## WHAT THE TASK ASKS
Only one span of the listing below is wanted: the lines from the one with "Washington, D.C, USA." through the one with "5x pairs of", reproduced exactly, both ends kept.

RECORDS SUPPLIED below:

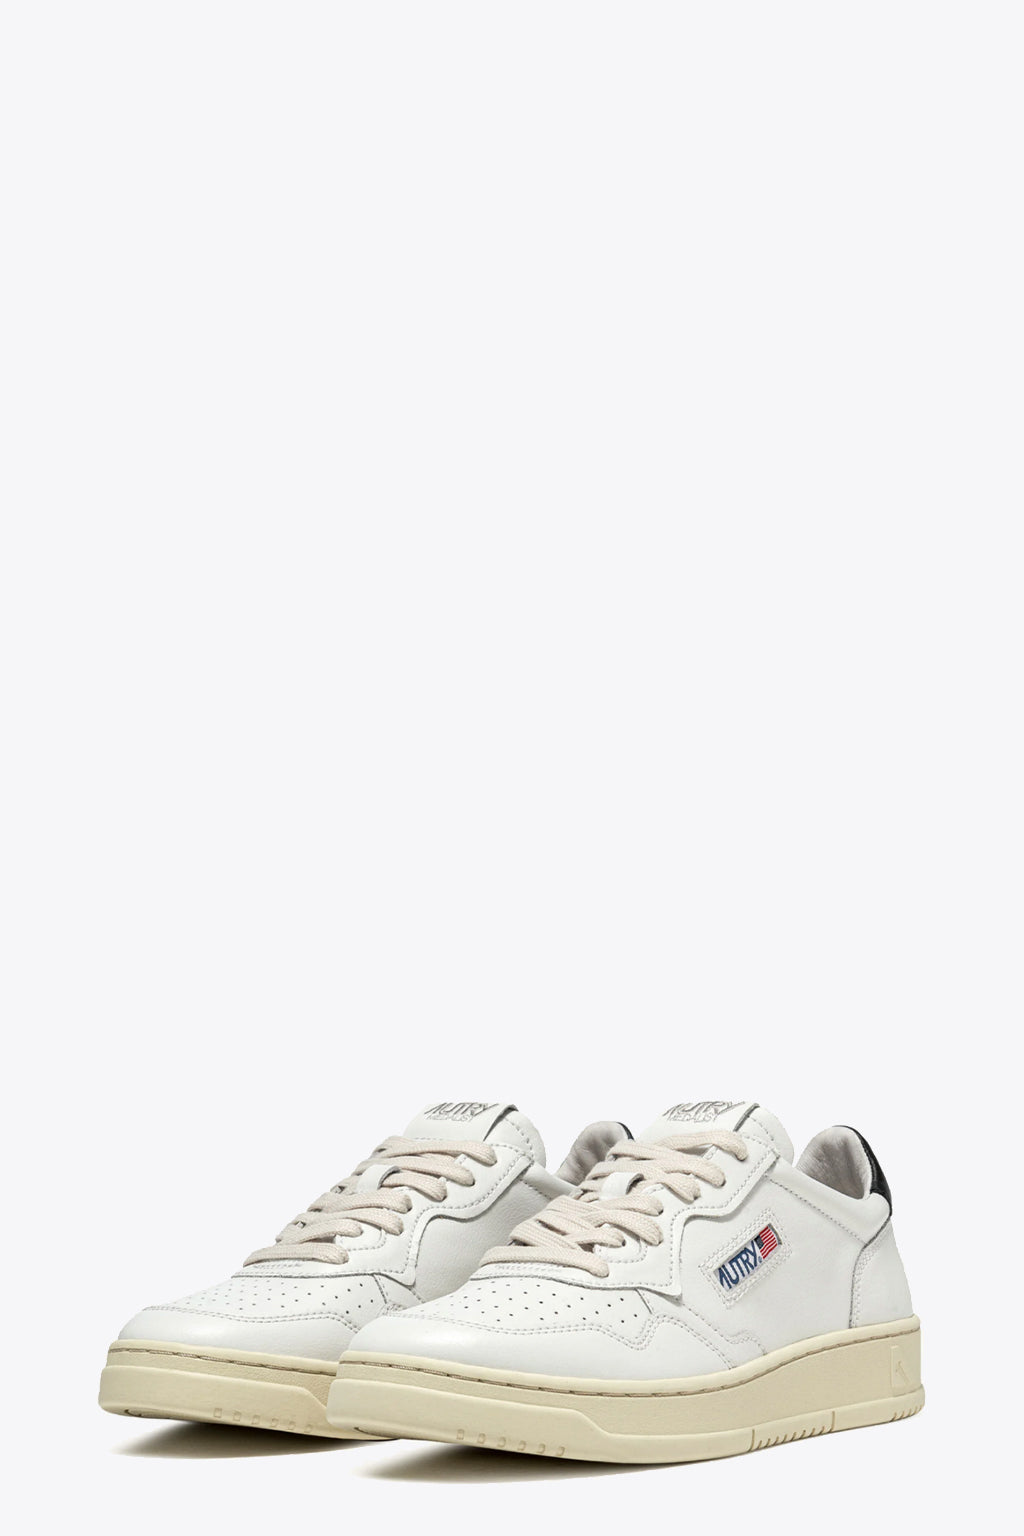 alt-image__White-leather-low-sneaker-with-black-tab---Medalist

End of RECORDS SUPPLIED.
RECORDS SUPPLIED below:

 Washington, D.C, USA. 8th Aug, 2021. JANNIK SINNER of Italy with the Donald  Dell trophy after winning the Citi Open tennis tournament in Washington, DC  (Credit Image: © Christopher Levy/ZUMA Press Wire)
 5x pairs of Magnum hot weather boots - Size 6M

End of RECORDS SUPPLIED.

## ANSWER
 Washington, D.C, USA. 8th Aug, 2021. JANNIK SINNER of Italy with the Donald  Dell trophy after winning the Citi Open tennis tournament in Washington, DC  (Credit Image: © Christopher Levy/ZUMA Press Wire)
 5x pairs of Magnum hot weather boots - Size 6M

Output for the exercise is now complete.